The driver's occasional glances in the rearview mirror felt more like jabbing judgments than distant disturbances, but when her building came into view, a tall shape against the night sky, she felt a brief flicker of relief.

She stepped out into the biting wind, the cold biting through her. The slick streets were glossed over with dampness, every streetlight scattered across the wet pavement. The glare of oncoming headlights hit her eyes sharp and sudden, forcing her to raise a hand to shield her vision — the hand. The hurt one.

She fumbled with keys when she finally got inside, and at her door, her fingers shook as she struggled to slide the key into the lock.

She barely managed a few turns before the door swung open from the other side.

Oscar stood there, framed by the dim light of the hallway, eyes wide and searching. He looked like he'd been waiting — no, more than that — like he'd been pacing, worrying himself sick.
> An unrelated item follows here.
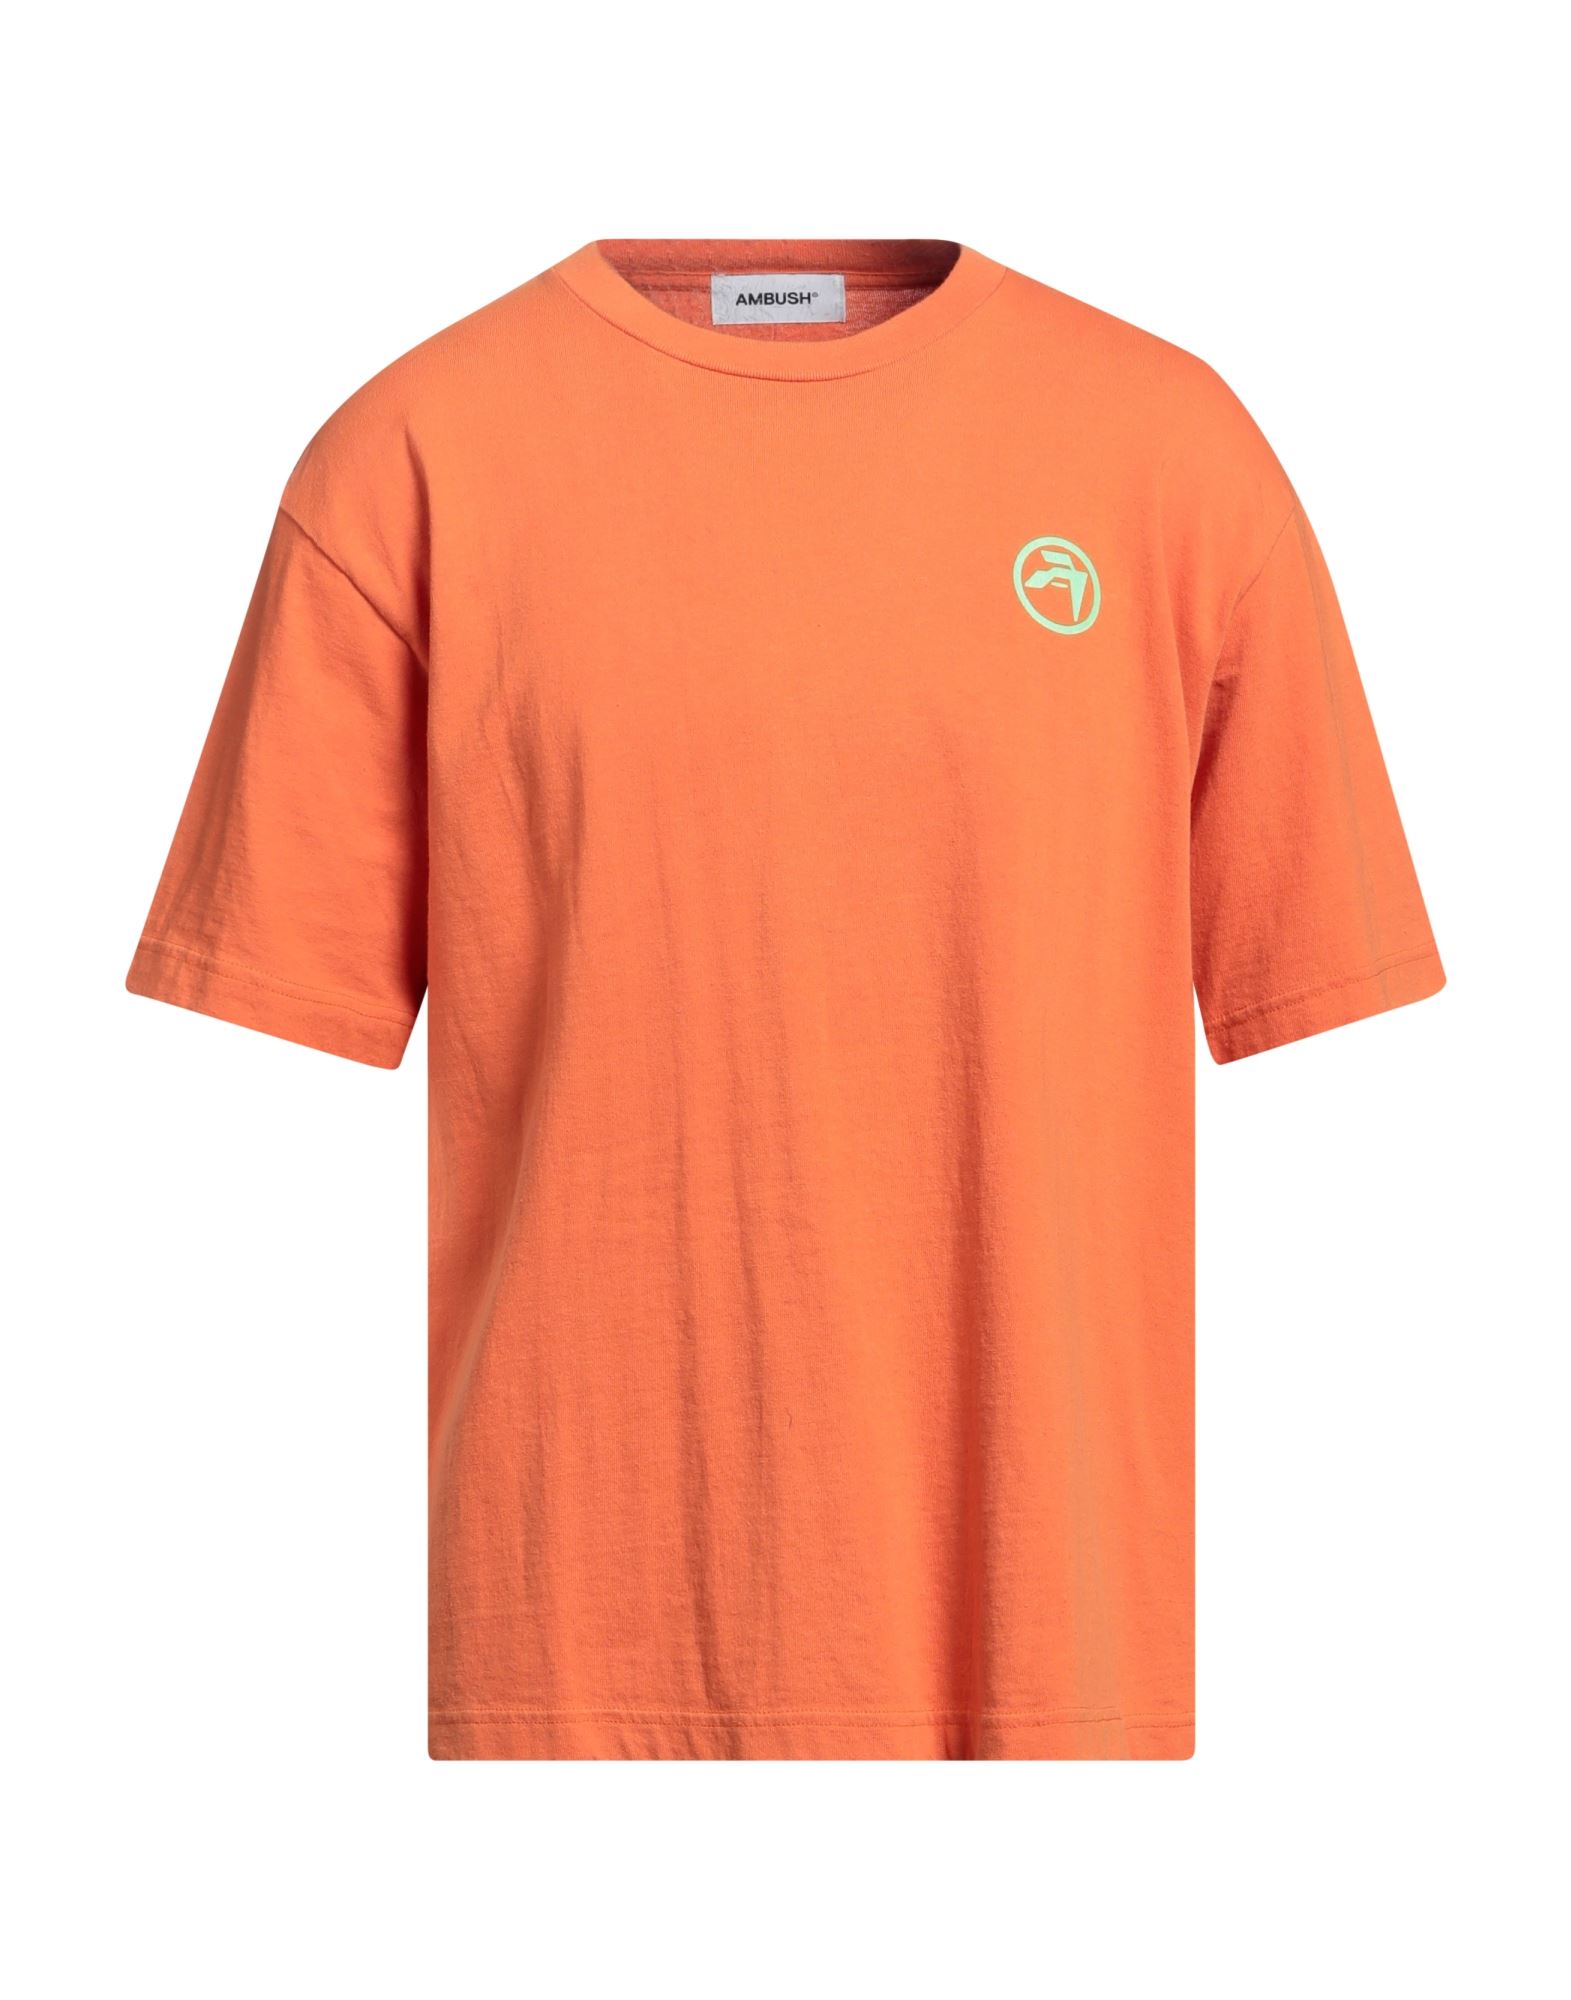 AMBUSH T-shirts Herren Orange von AMBUSH
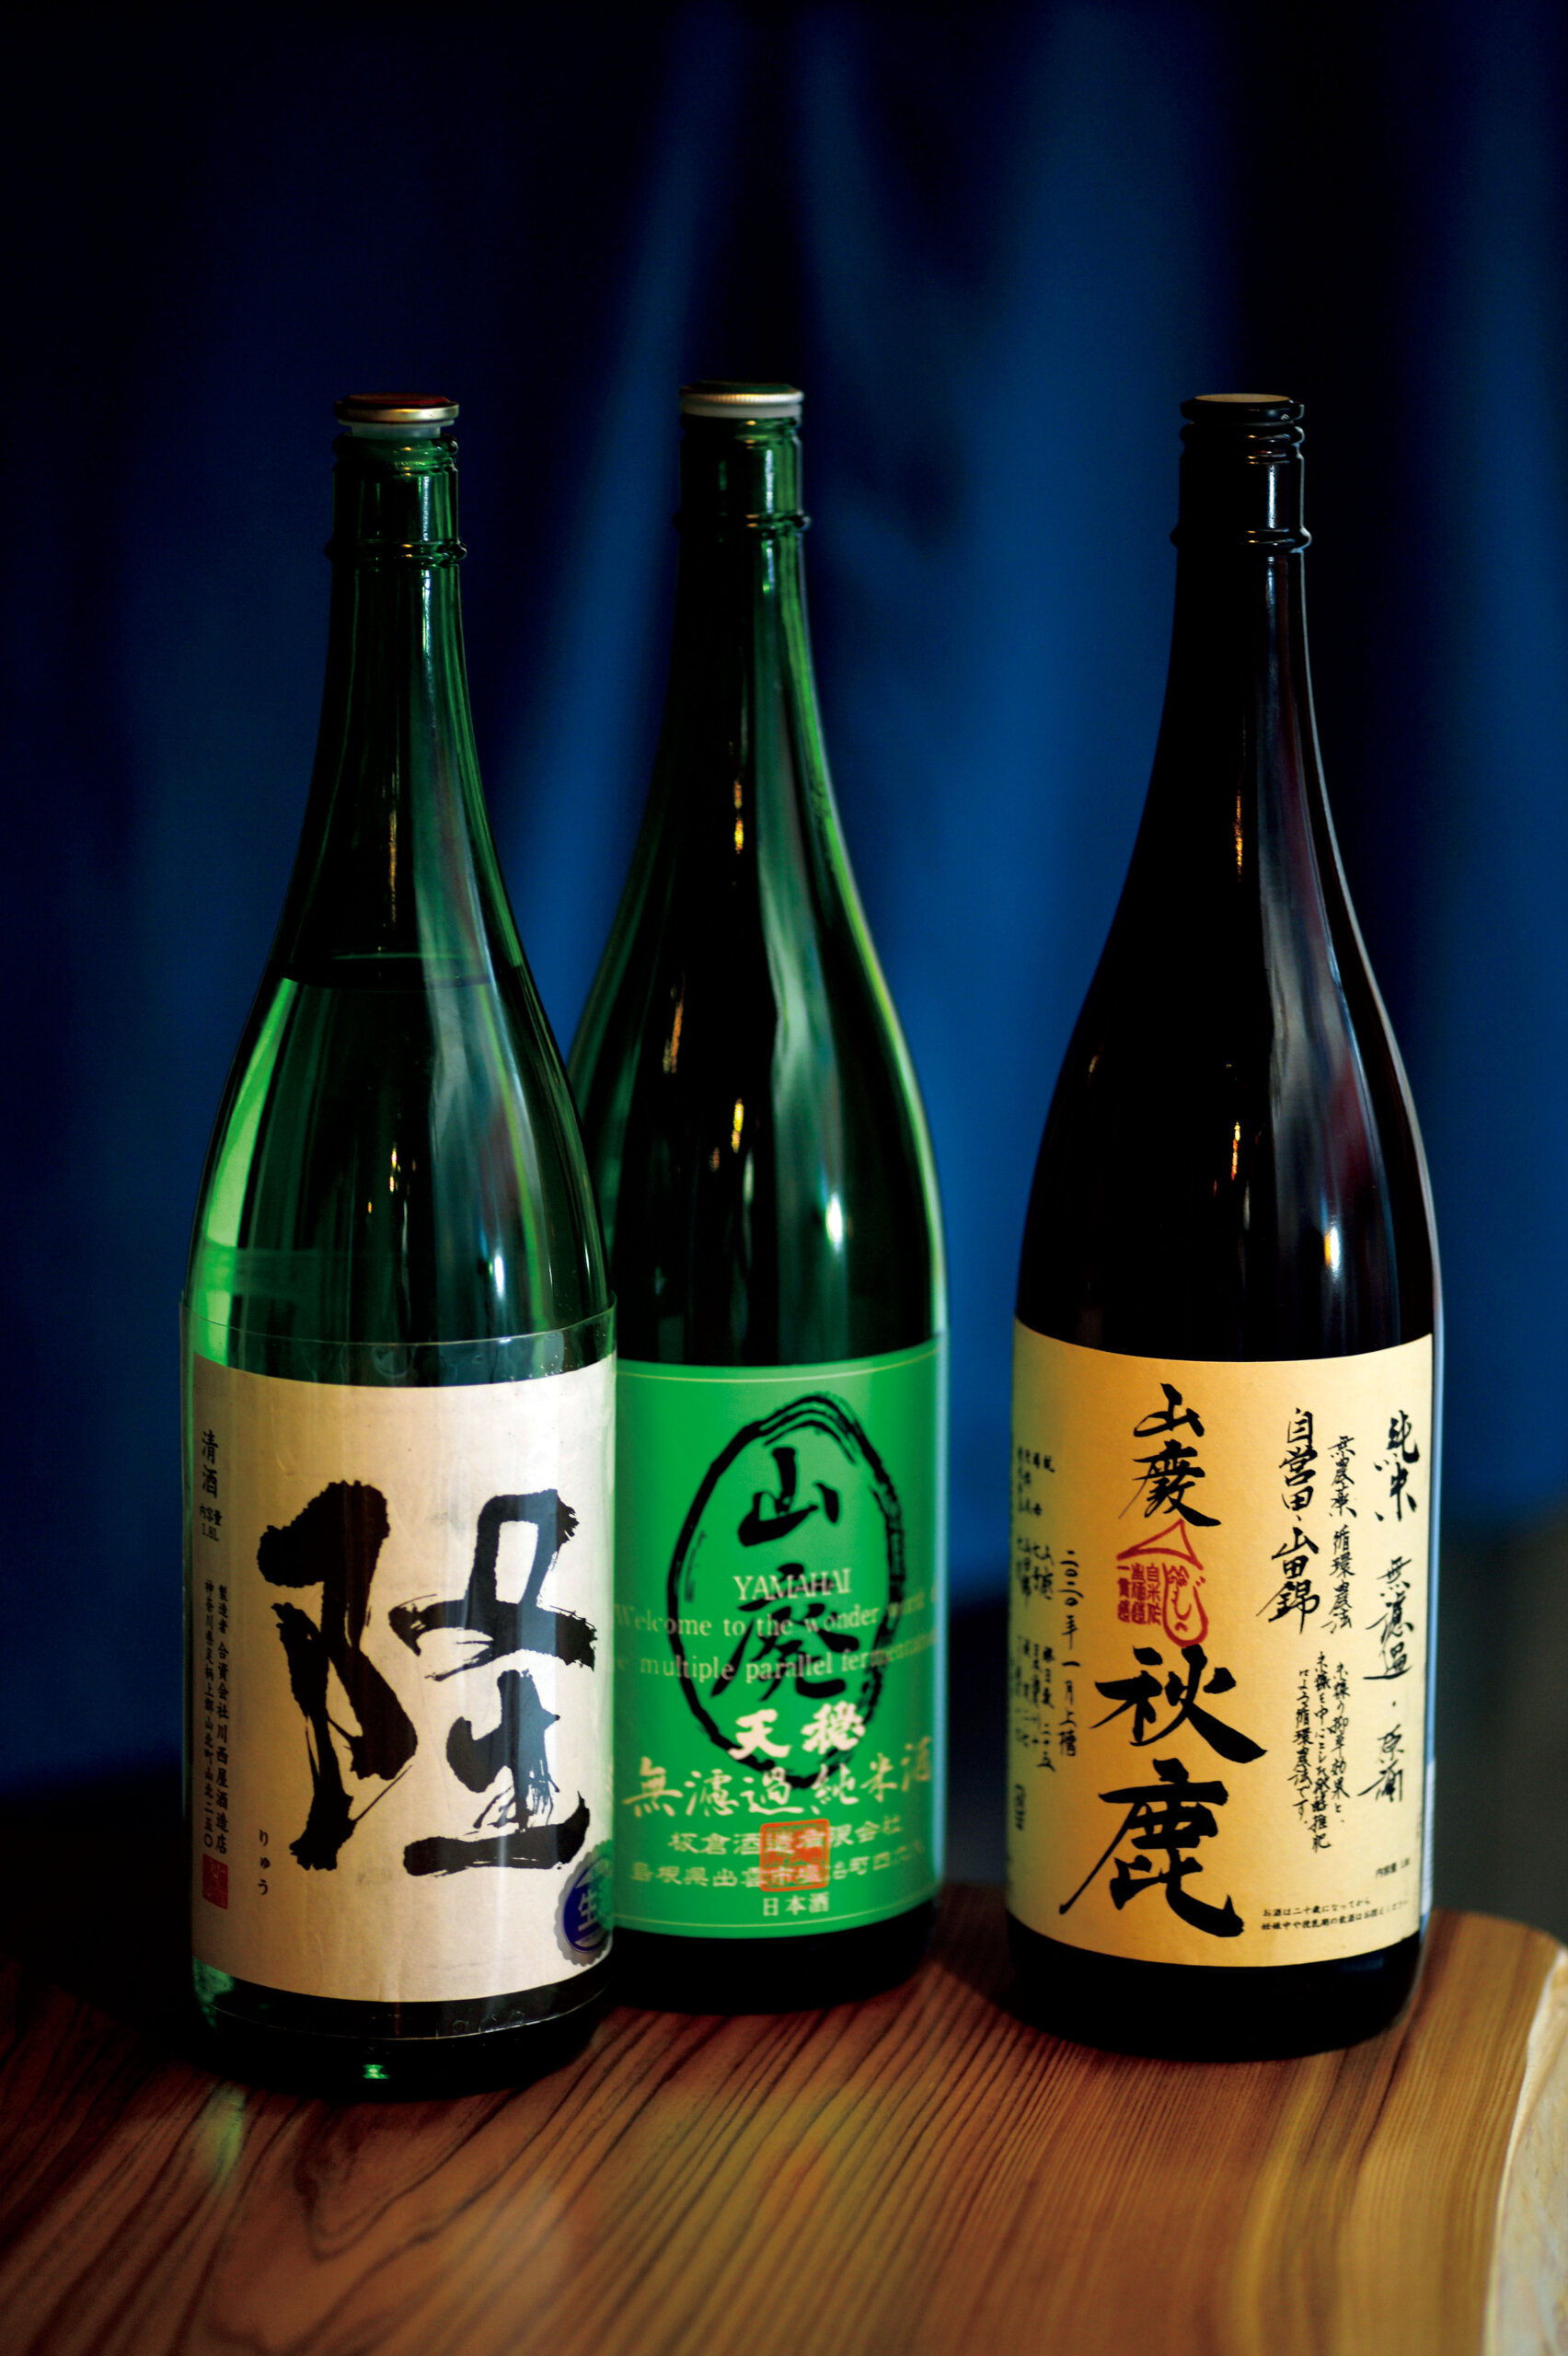 味わいのきれいな「村越シャモロック」を引き立てる、自然な造りでやわらかい味わいの日本酒が揃う

His hair was a mess, strands sticking up from where he'd run his hand through it a dozen times, impatience and panic etched into every line on his face.

He had taken a seat at the dining table, and hadn't moved for hours. He was leaning forward, elbows on knees, hands clasped tight. His foot tapped sporadically.

He kept glancing at the door.

It had been hours.

Even if she didn't realize it happened, instant relief flooded through her. Overwhelming, it hit her like a sudden, breathless surge. She'd been craving familiarity and she hadn't even known it. Even if it was just a thin thread of it, it was enough to steady her shaking hands, to slow the frantic beating of her heart, if only for a moment.

The way he looked at her made her chest curl — like he was afraid of what was in front of him, but unwilling to look away. His eyes darted quickly from her face to her toes. The lines of her body spoke for her. Oscar barely caught a glimpse of her face — blotchy, red, worn out — before his chest caved in.

She kept her wrist tucked close, hidden.

She made sure he didn't see it.

Because if he did, he might have stopped her. He might have resisted her when exhaustion took over and she leaned forward, almost collapsing into his chest.

His arms went around her without hesitation, and for a long moment, she just rested there — forehead against him.

And then — like she'd wanted to do the whole time — she wrapped her arms around him. Not tentative. Not unsure. Fully. And he hugged back harder. Like he'd been waiting to be let in again. Her body trembled, not from the cold, but from the sudden rush of emotion she'd been bottling up for hours. Relief mixed with sorrow, confusion with shame, and all of it wrapped itself around her now.